It should be noted that, the method for determining the analysis object included in each frame of image in the condensed video data corresponding to the target video data may be: the server may first determine a background image corresponding to a first frame image in the condensed video data (generally, the background image corresponding to the first frame image in the target video data may be determined as the background image corresponding to the first frame image in the condensed video data), then may select, in the first position set, position points of analysis objects included in the first frame image in the target video data, then select an analysis object having a lowest trajectory similarity with the analysis objects to which the position points belong, then select an analysis object having a lowest trajectory similarity with the first two selected analysis objects, and sequentially select according to this method until there is no vacant position in the background image corresponding to the first frame image in the condensed video data.
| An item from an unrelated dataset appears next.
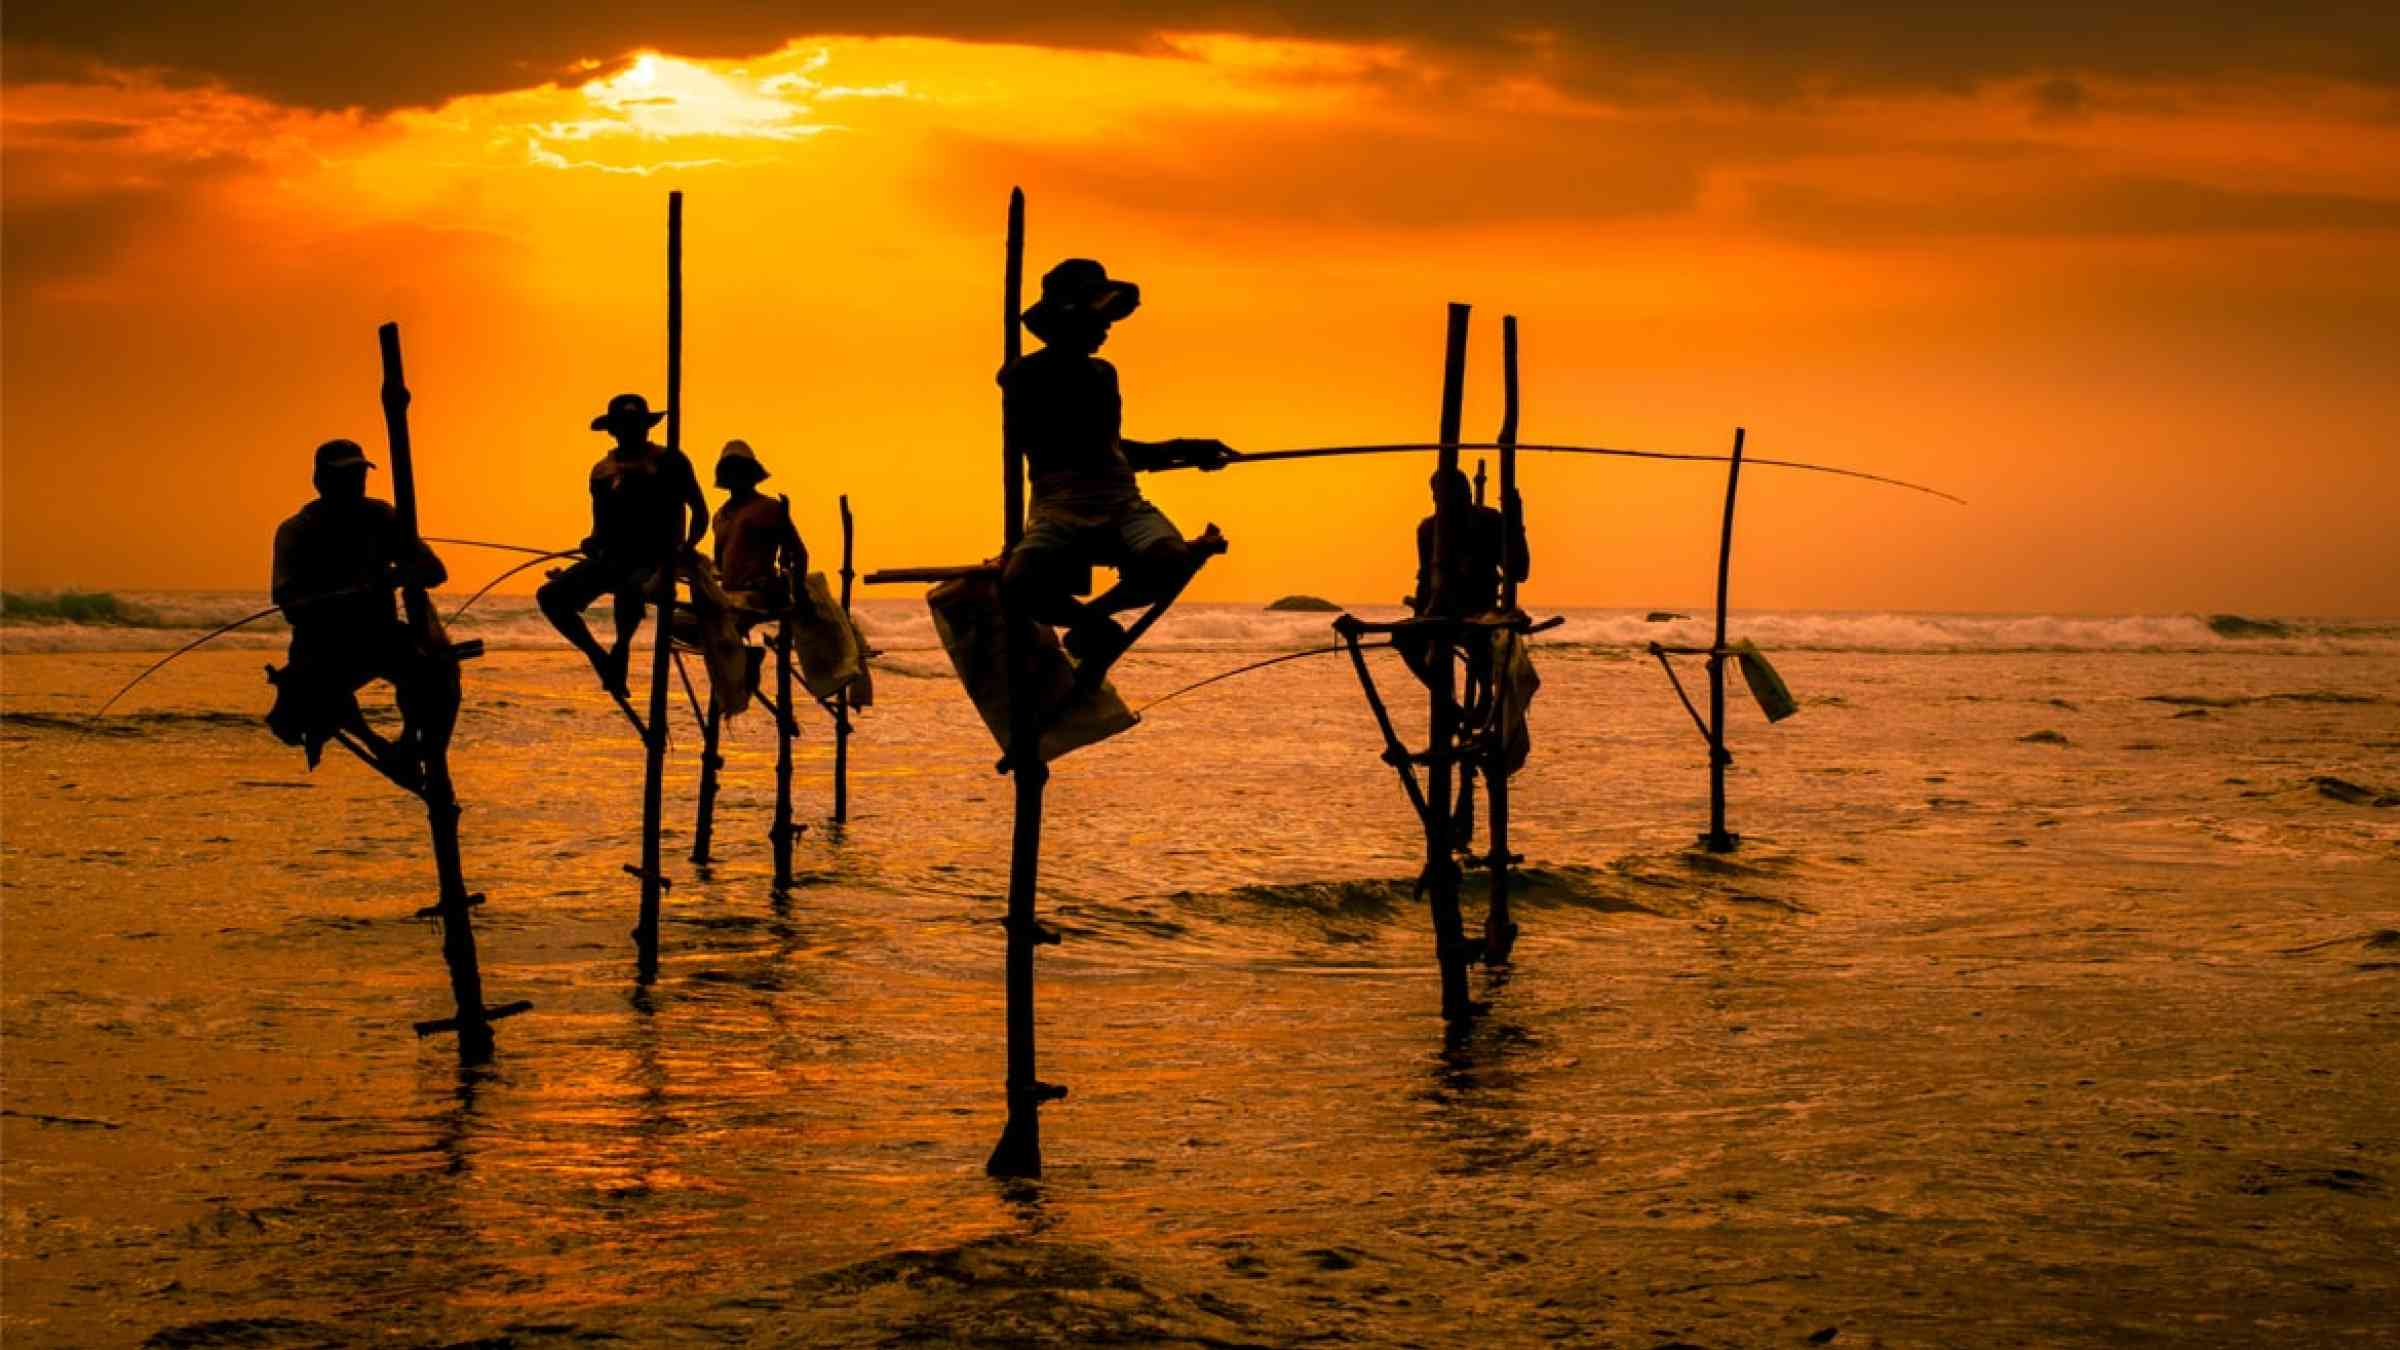 Silhouettes of fishermen in the sea, Sri Lanka

Then, an analysis object included in a second frame image of the condensed video data is selected, the analysis object selected in the previous frame image is used as the analysis object in the second frame image, if a vacant position exists in a background image corresponding to the second frame image, the analysis object with the lowest track similarity to the analysis object included in the second frame image can be selected again until the vacant position does not exist in the second frame image, and therefore the analysis object included in each frame image in the condensed video data can be determined sequentially.

In the above method of determining the analysis objects included in each frame of image in the condensed video data corresponding to the target video data, if the track similarity of two analysis objects is particularly high, such as ninety percent, one analysis object may be made to appear next to the other analysis object.
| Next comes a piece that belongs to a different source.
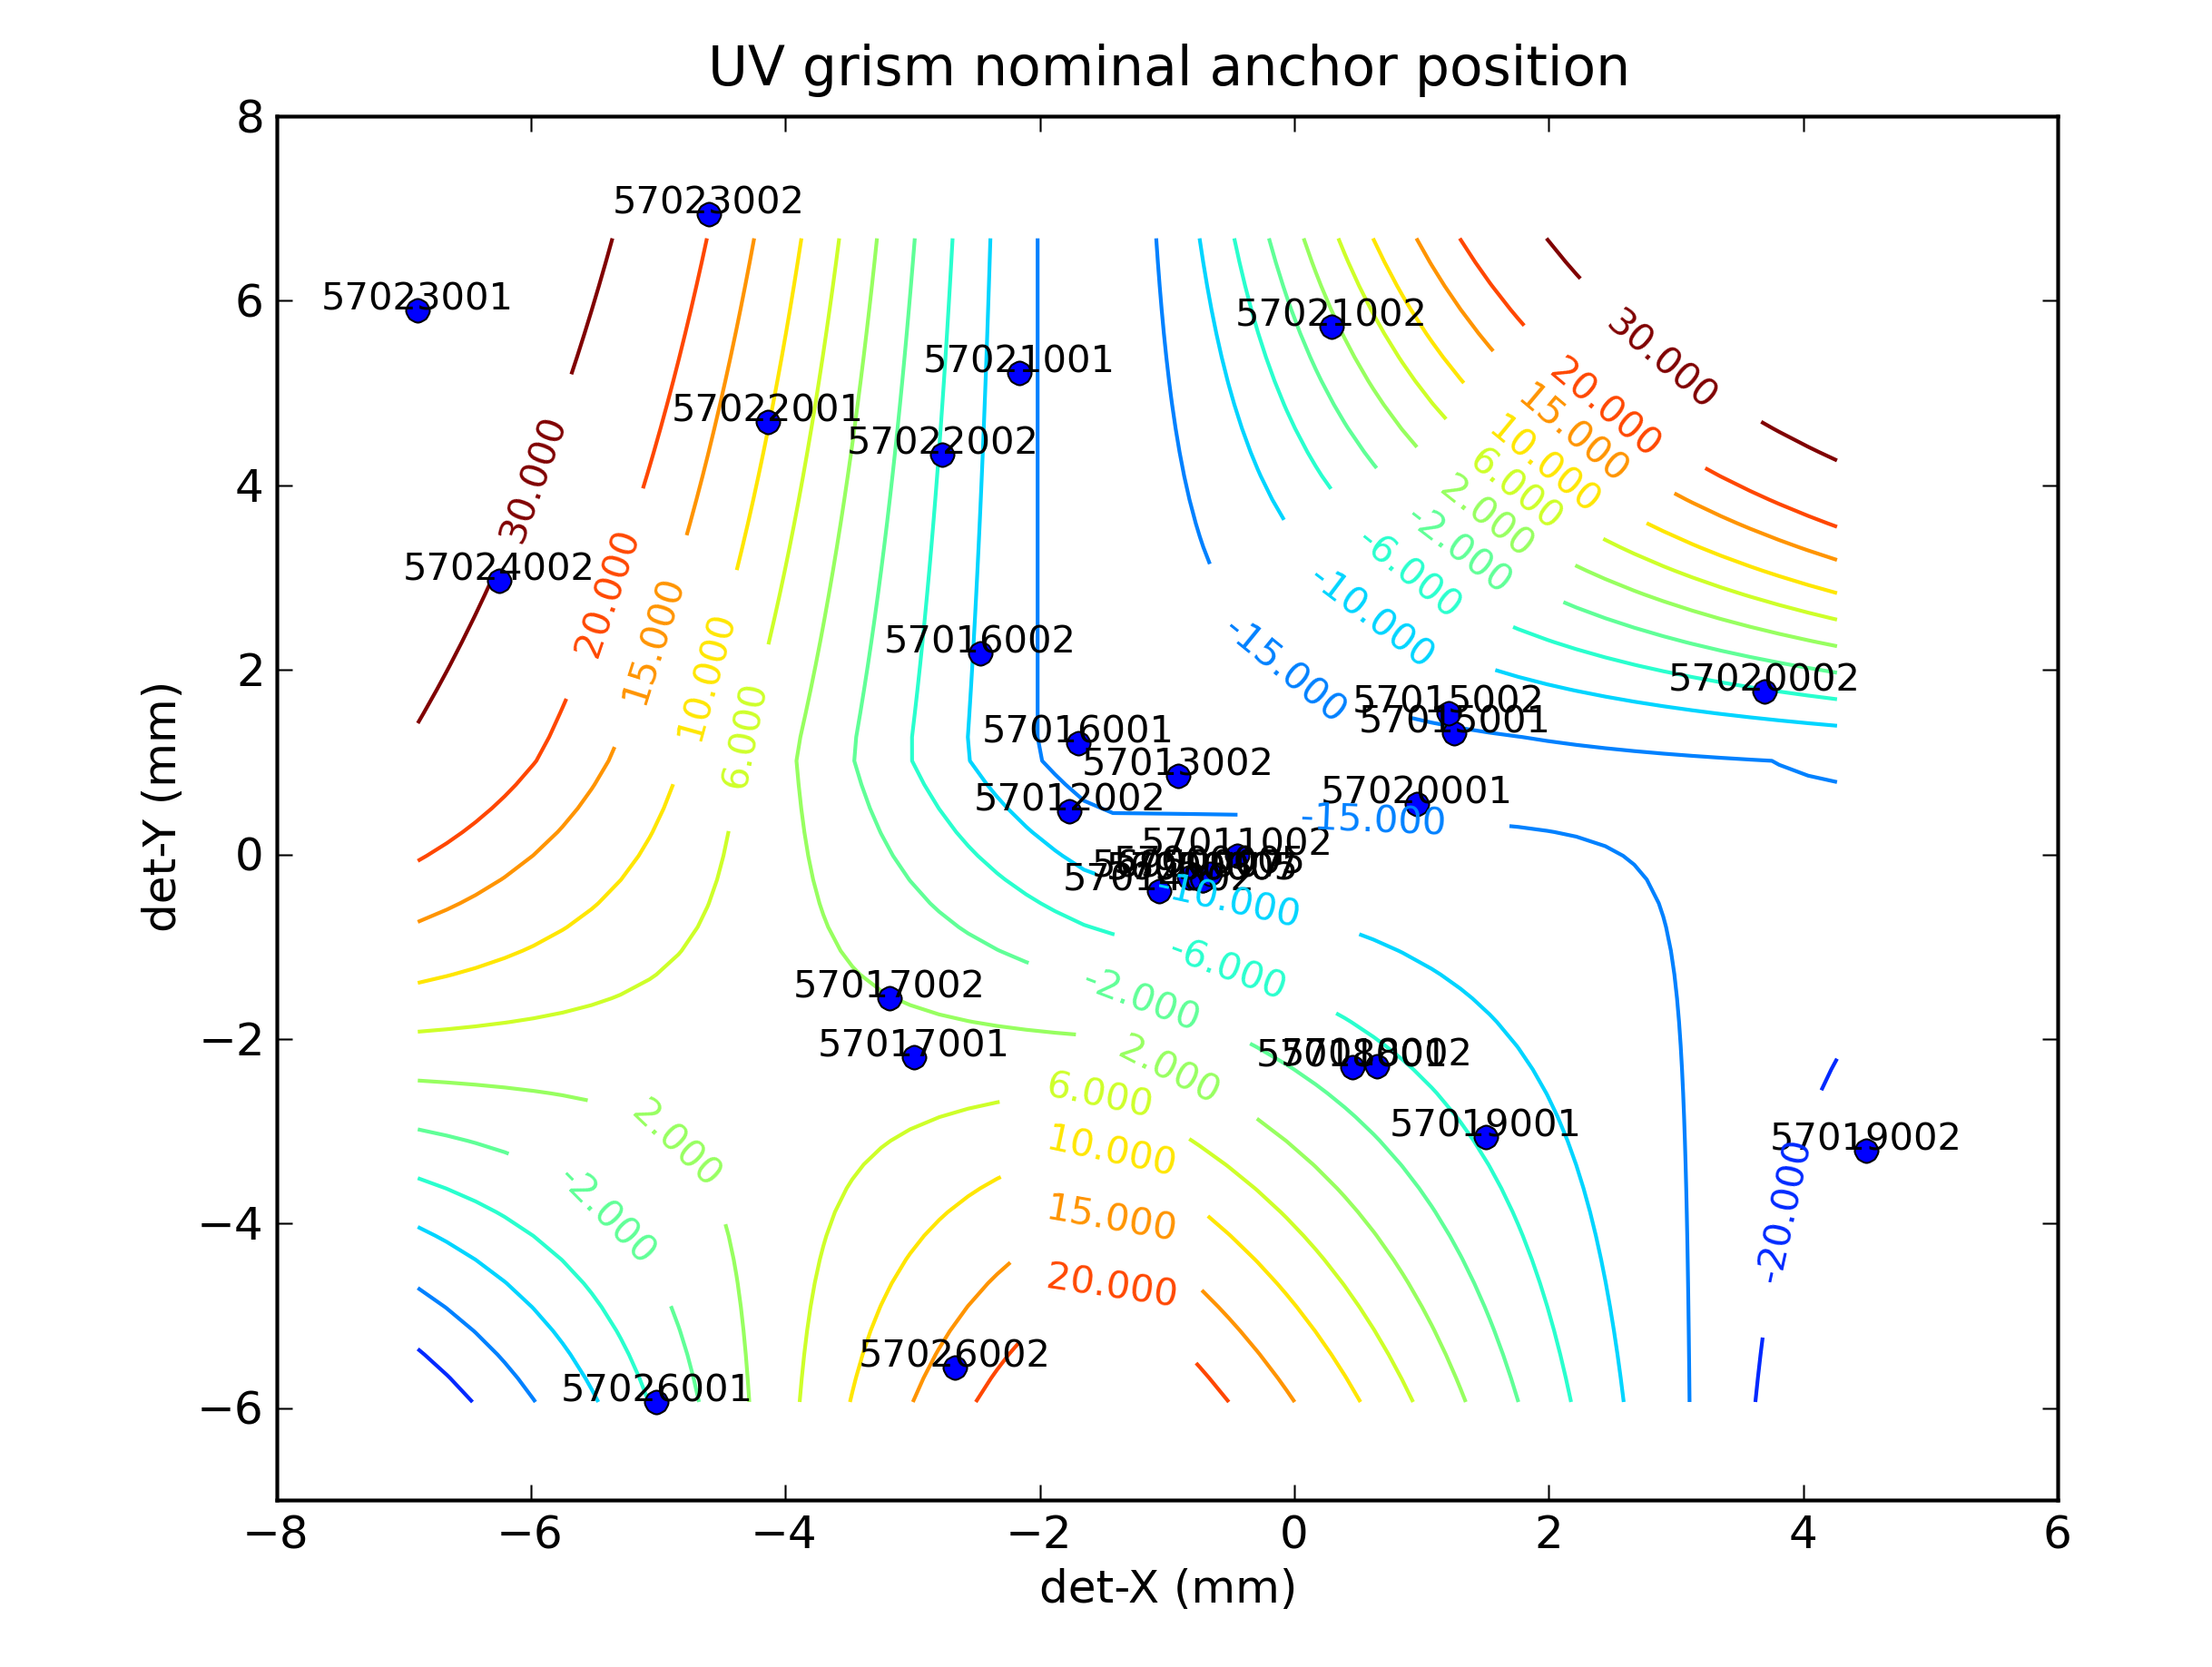 anchor position for nominal UV grism

In addition, in the above processing, it is necessary to consider the concentration rate of the target video data, and the higher the concentration rate is, the more dense the analysis objects in the concentrated video data corresponding to the target video data are, and the lower the concentration rate is, the more sparse the analysis objects in the concentrated video data corresponding to the target video data are.

Optionally, when the background image is selected, if only one background image exists in the target video data, the background image may be directly reused, if multiple background images exist in the target video data, the background image has a time identifier, the playing time of the concentrated video data corresponding to the target video data may be calculated according to the playing time and the concentration rate of the target video data, the playing time of the concentrated video data corresponding to the target video data, and the ratio of the playing time of the general target video data to the playing time of the concentrated video data is equal to the concentration rate, then the starting time point and the ending time point of the playing time of the background image in the target video data are used to calculate the starting time point and the ending time point of the playing time of the background image in the concentrated video data according to a ratio, for example, the playing time of the target video data is 60 minutes, the concentration rate is 6, and the playing time of the concentrated video data corresponding to the target video data, the target video data has two background images, a first 30 minutes background image 1 and a second 30 minutes background image 2, so that the background image 1 is used for the first 5 minutes and the background image 2 is used for the second 5 minutes in the condensed video data.
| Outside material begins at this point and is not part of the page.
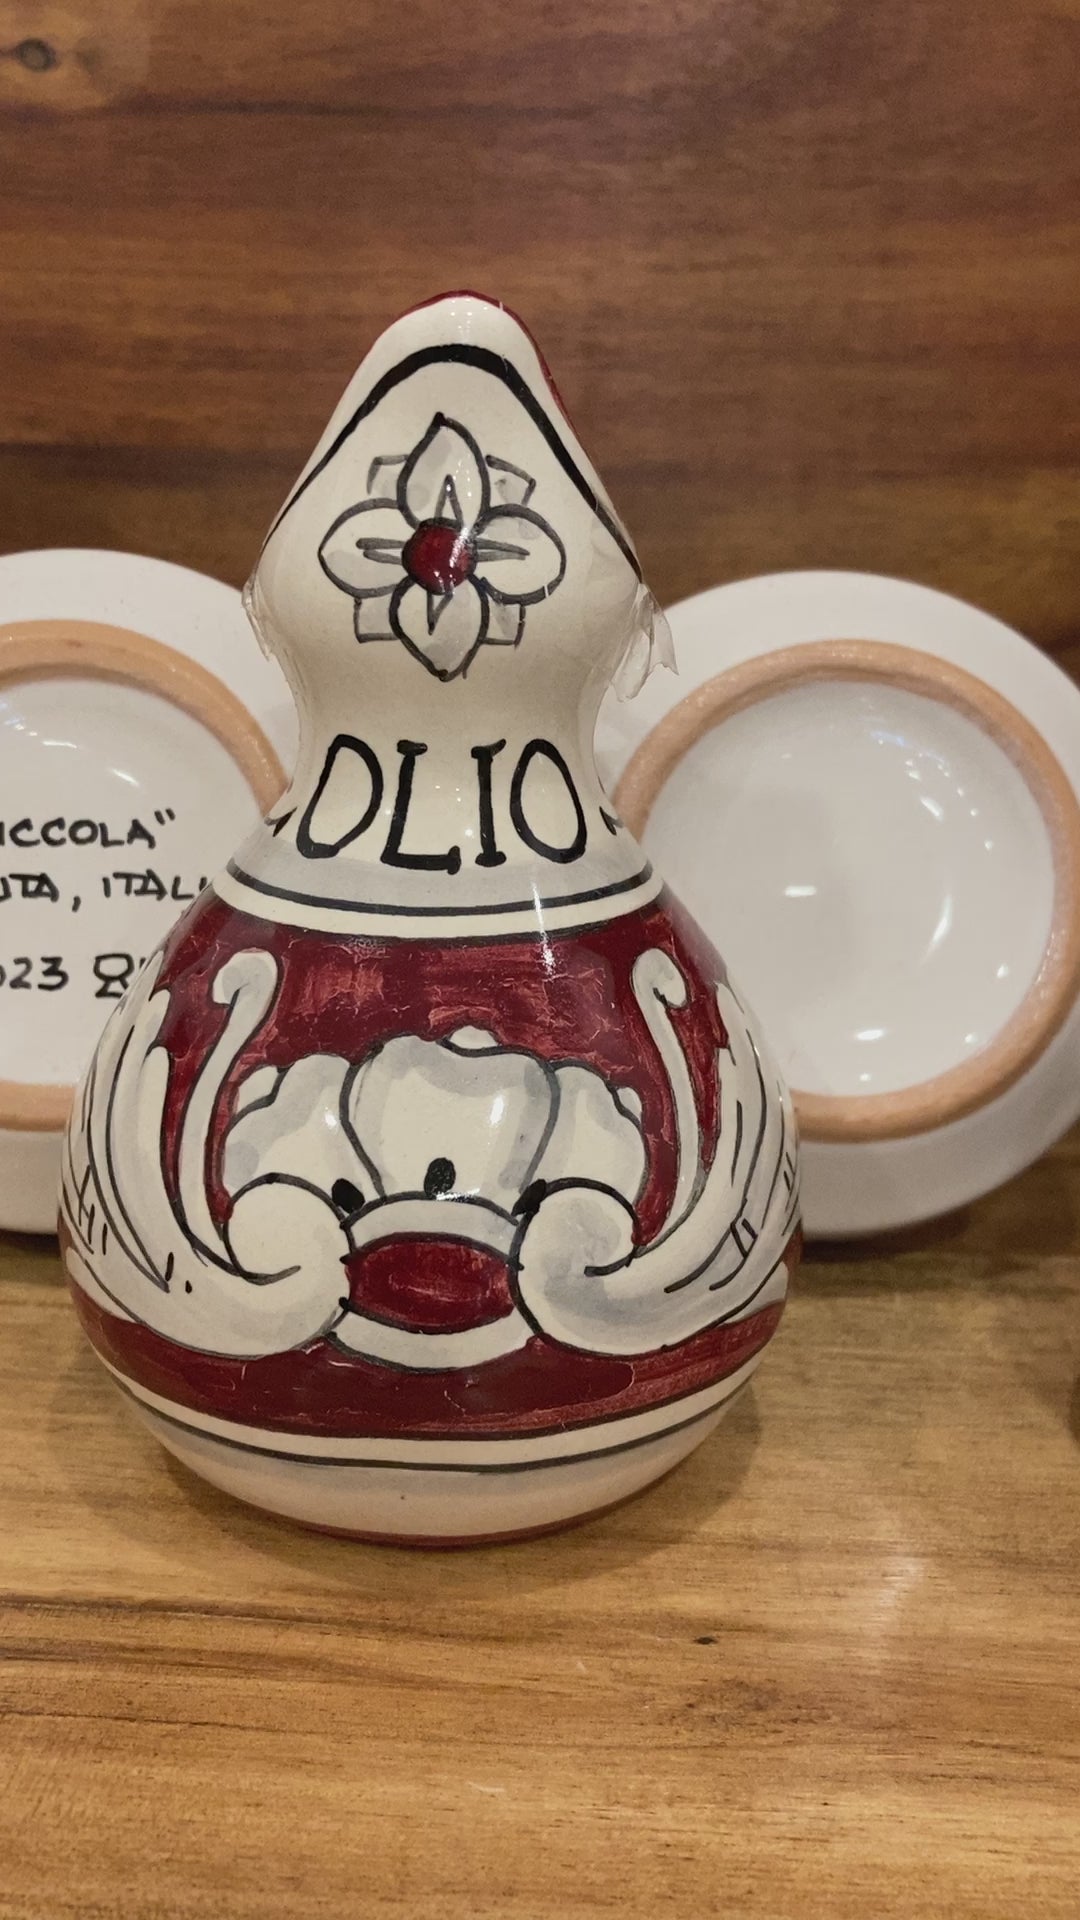 Oil & Vinegar Majolica Italian Ceramic at Piccola Italian Ceramics

Optionally, the user may also select the concentration rate by himself, when the user wants to view the target video data, the user may open the video player installed in the terminal, find the identifier of the target video, and then click the corresponding play key, the terminal may detect a click instruction of the play key, display the concentration rate option, the user may select the concentration rate, then click the confirmation key, the terminal sends a concentration request of the target video to the server, the concentration request also carries the concentration rate, the received concentration rate is used when the server performs the synthesis of the concentrated video data, the remaining processing procedure is the same as the foregoing description, and details are not repeated here.

Optionally, there are two methods for obtaining the image of the analysis object of the preset type in the target video data:

the first method is as follows: the front-end equipment intercepts an image of an analysis object of a preset type from target video data; and sending the image of the analysis object of the preset type to a server. The server receives and stores an image of an analysis object of a preset type.

In implementation, the front-end device may identify pixel points included in each frame of image in the target video data, intercept an image of the analysis object in accordance with an outer edge of the analysis object in each frame of image including the analysis object, or intercept an image of the analysis object in accordance with a minimum rectangle formed by the outer edge of the analysis object in each frame of image including the analysis object, and then transmit an image of a preset type of the analysis object to the server. The server may receive an image of a preset type of analysis object and then store it in correspondence with the identification of the target video data.

The second method comprises the following steps: before the server performs the condensed video synthesis, the server intercepts an image of a preset type of analysis object, and the corresponding processing may be as follows:

the front-end equipment extracts a playing progress point corresponding to each position point in the first position set from the target video data; and sending the playing progress point and the target video data corresponding to each position point to the server. The method comprises the steps that a server receives and stores target video data sent by front-end equipment, and receives and stores playing progress points corresponding to each position point of a preset type of analysis object in the target video data, wherein the analysis object is sent by the front-end equipment; and intercepting images of analysis objects of preset types from the target video data based on the first position set and the playing progress point corresponding to each position point.

In implementation, after the front-end device acquires the shot target video data, the front-end device can also send the target video data to the server, and after the server receives the target video data, the server can store the target video data.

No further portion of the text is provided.